If ever there was a time for stating the obvious, this was it.
    “You like to read horror.”
    Since I refused to look Levi’s way, I didn’t know for sure, but I imagined he smiled when he said, “And you don’t like reading scary stories. At least that’s what I’ve heard.” He shifted his stance just a tad, a move that made his hip brush mine when he plucked the nearest book from the shelf. He opened it to the inside back cover. “Look at that. The best selling of all the best-selling authors and the guy doesn’t even get his picture in the book.”
    I wasn’t sure what I was supposed to say about this so I didn’t say anything at all.
    “Think he’s shy?” Levi asked.
    “Maybe he’s embarrassed that he writes books that scare so many people.”
    “So, you and the other Ladies in the League won’t be reading FX O’Grady in honor of Halloween?”
    I tried to make it look perfectly natural when I took a step to my right, the better to put some distance between me and the heat generated by his body. Still, it was impossible to ignore the heady smell of his aftershave. It was as bracing as the fall afternoon, and I wondered if I’d simply missed the scent back at the park, or if he’d splashed it on when he got home to get the smell of death out of his nose.

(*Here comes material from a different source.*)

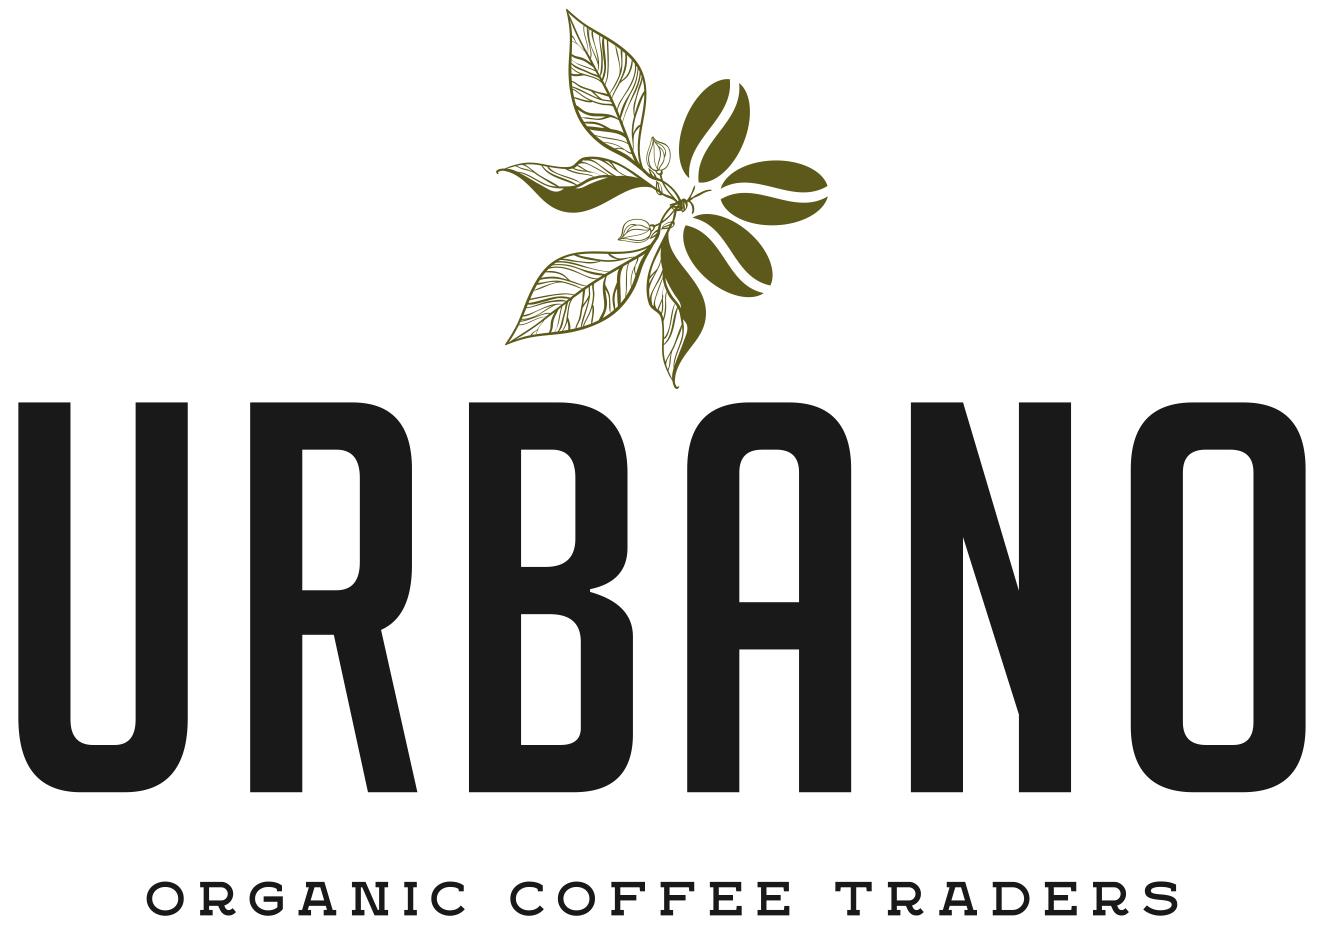 Urbano Cafe/Restaurant

    “We’re reading Washington Irving,” I said, and prayed my voice didn’t sound as breathy to him as it did to me. It might have been the memory of what happened at the park that made my lungs feel as if there were a hand inside my chest, squeezing and twisting.
    It might have been something else.
    “Sleepy Hollow.” Levi chuckled. “A headless horseman and a terrified schoolteacher. At least we don’t have to worry about our Sleepy chasing anyone through the woods at night.”
    “Not as far as we know.”
    “But I hear your ghost hunters were looking for him, anyway.”
    Another side step and I was far enough away to turn to him. “They’re not my ghost hunters.”